1. Nuclear Translocation Regulation: EGFR activation triggers ERK-mediated phosphorylation of ACSS2 at S267, promoting importin α5 binding and nuclear translocation.

2. Substrate Binding: ACSS2 binds L-lactate, CoA, and ATP.

3. Intermediate Formation: Lactate carboxyl group reacts with ATP γ-phosphate to form lactyl-AMP intermediate (releasing PPi).

4. CoA Transfer: CoA thiol displaces AMP, generating lactyl-CoA.

Lactate concentration: preferential lactate utilization over acetate/succinate in nuclear compartments.

Structural specificity: changes in conformation between open and closed states affect substrate binding. The closed state enhances lactate/CoA binding, while the open state promotes nuclear translocation.

Key residues: D358 stabilizes lactate hydroxyl; Y645/R533 anchor lactyl group for catalysis.

GTPSCS pathway [11]

1. Nuclear localization: GTPSCS G1 subunit contains NLS (SUCLG1 residues 192–195), directing nuclear entry.

2. Substrate binding: Binds L-lactate, GTP, and CoA.

3. Intermediate formation: Lactate carboxyl group reacts with GTP β-phosphate to form lactyl-GTP (releasing PPi).

4. CoA transfer: CoA thiol replaces GTP γ-phosphate, yielding lactyl-CoA and GDP (releasing Pi).

Lactate preference: higher K_m for lactate (15.3 mM) vs. succinate.
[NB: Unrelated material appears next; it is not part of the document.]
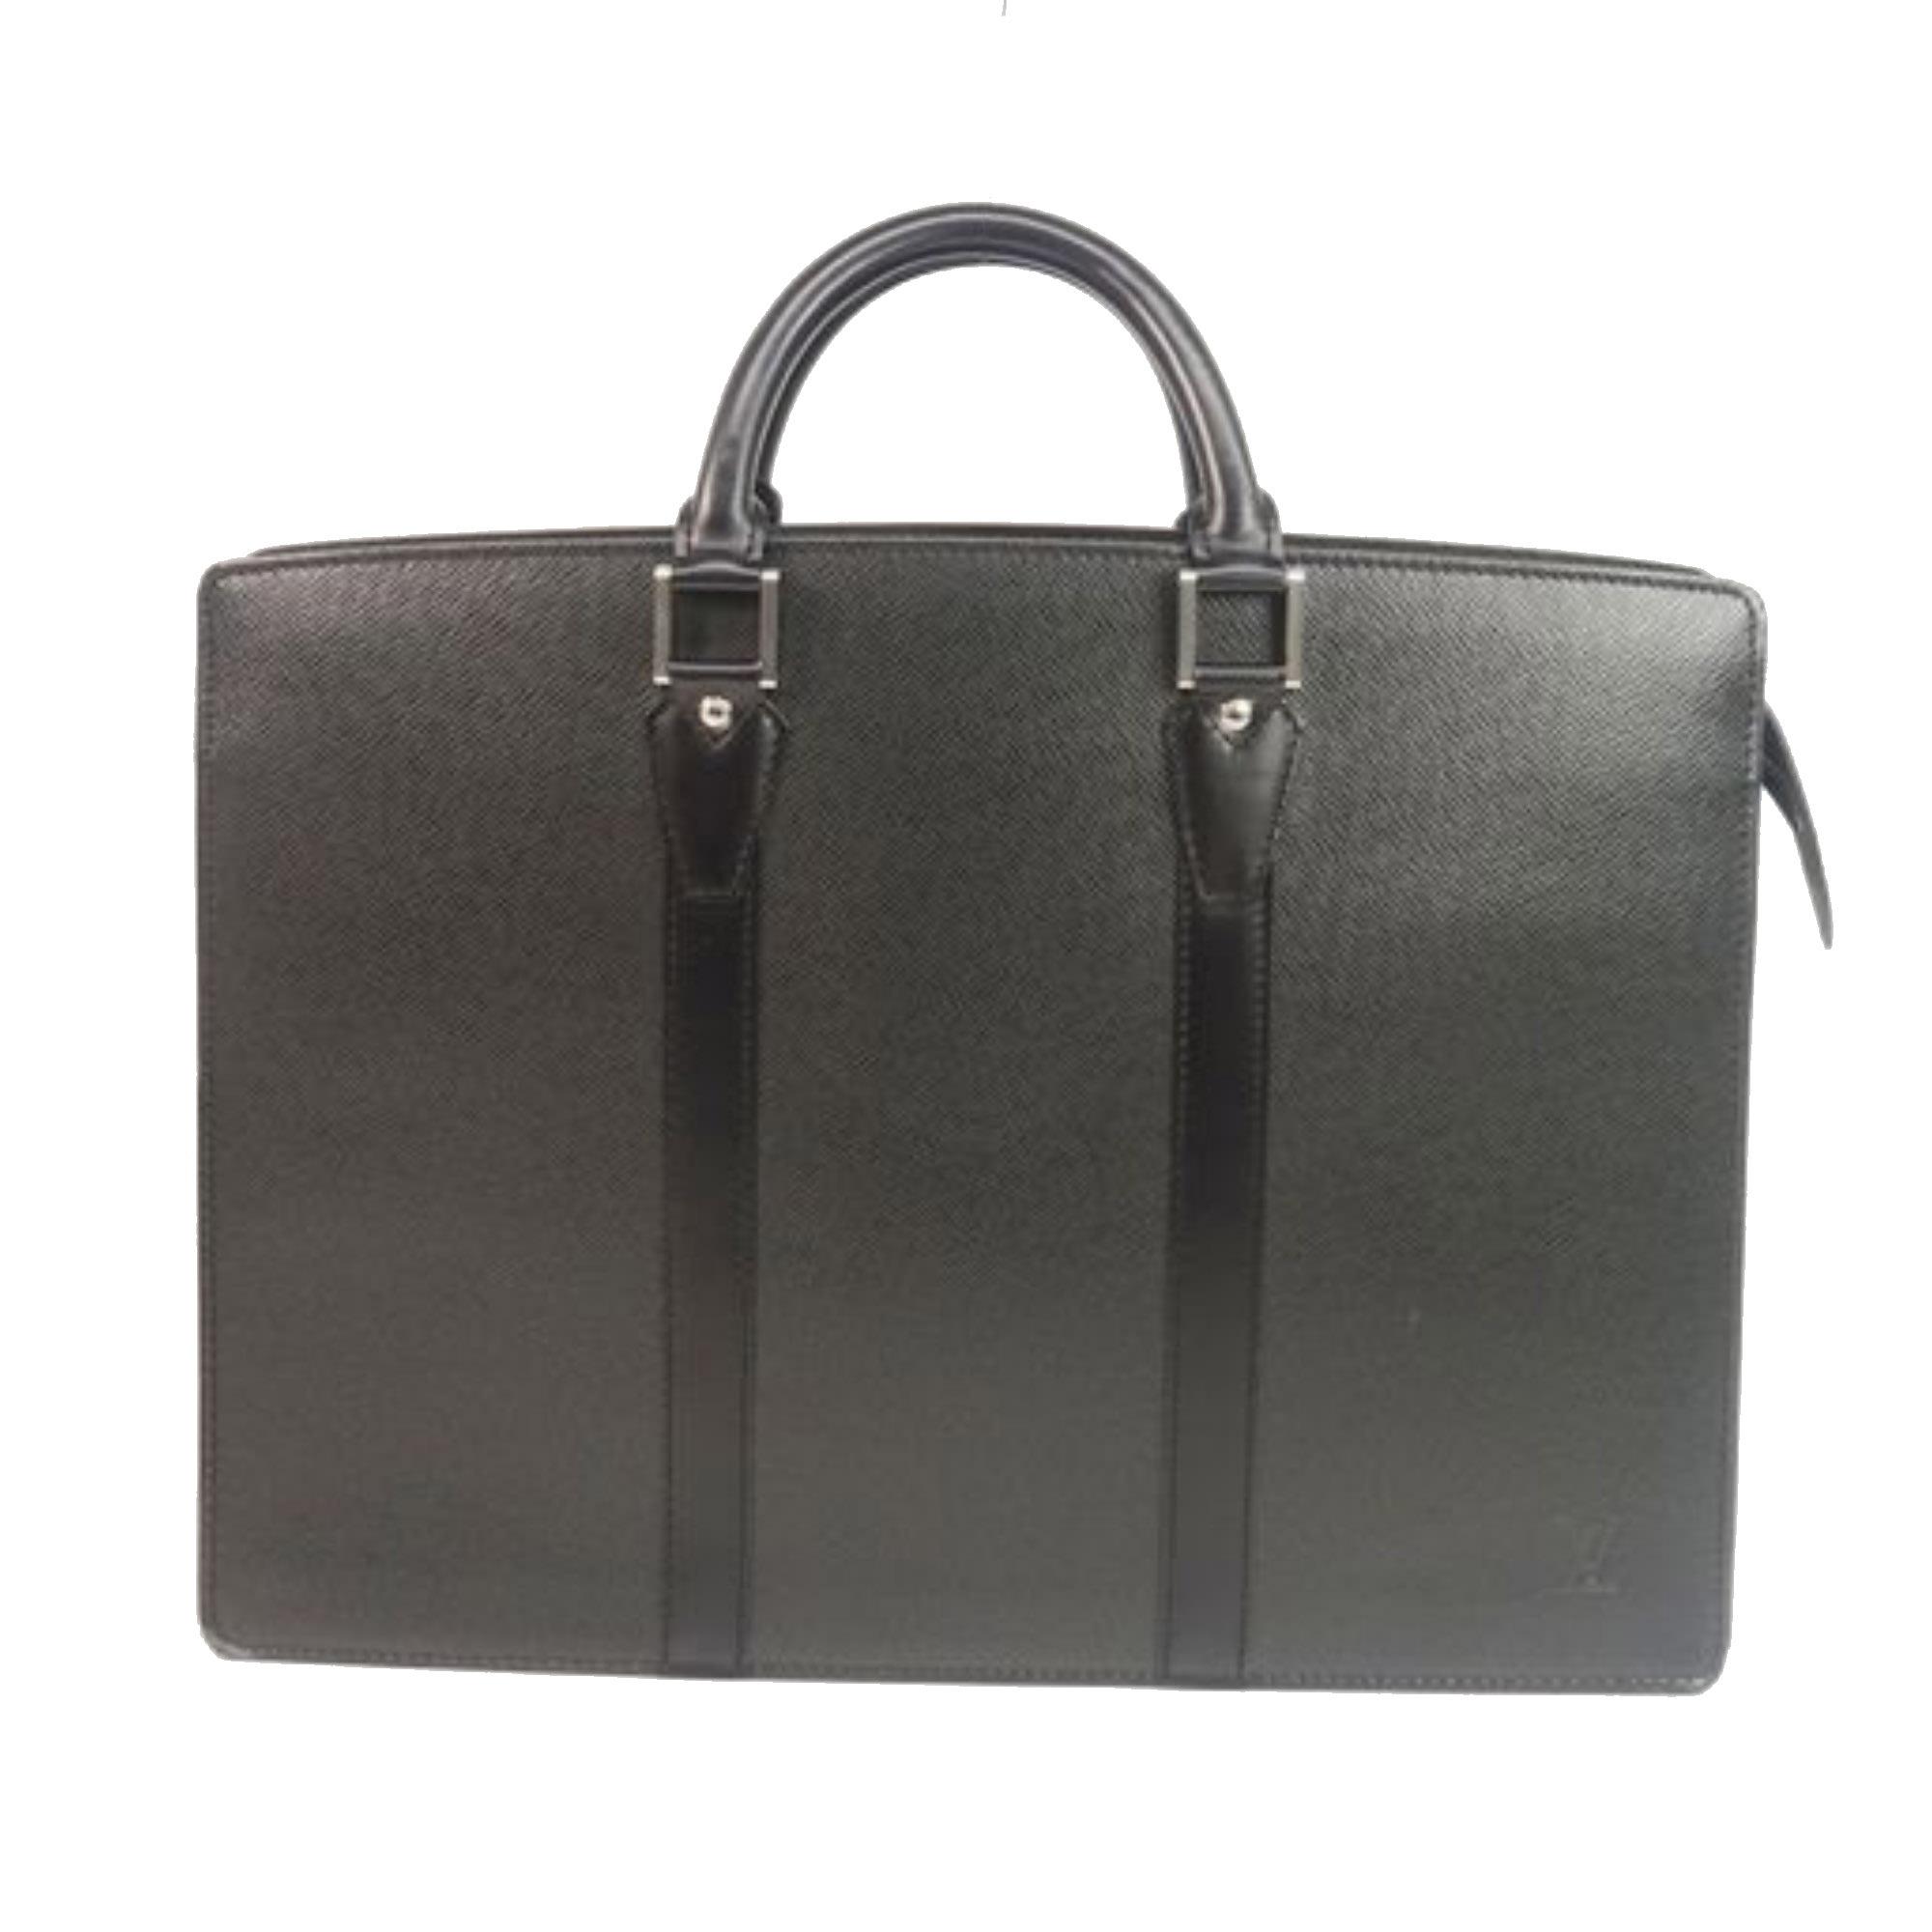 Porte documents, serviette LOUIS VUITTON Black

Lactate concentration: nuclear lactate concentration dictates substrate selection.

Key residues: N308 hydrogen-bonds with lactate hydroxyl; G365/V367 stabilize lactate conformation.

LGSH-Mediated [90]

1. GSH cycle: glycolytic intermediate MGO forms LGSH via GSH cycle.

2. Non-enzymatic transfer: LGSH undergoes thiol-disulfide exchange with CoA, generating lactyl-CoA.

GLO2 activity: deficiency drives LGSH accumulation, promoting non-enzymatic S-to-S acyl transfer to CoA.

pH dependency: LGSH-CoA transfer is favored under acidic conditions (pK_a difference between GSH and CoA thiols: 8.4 vs. 9.8).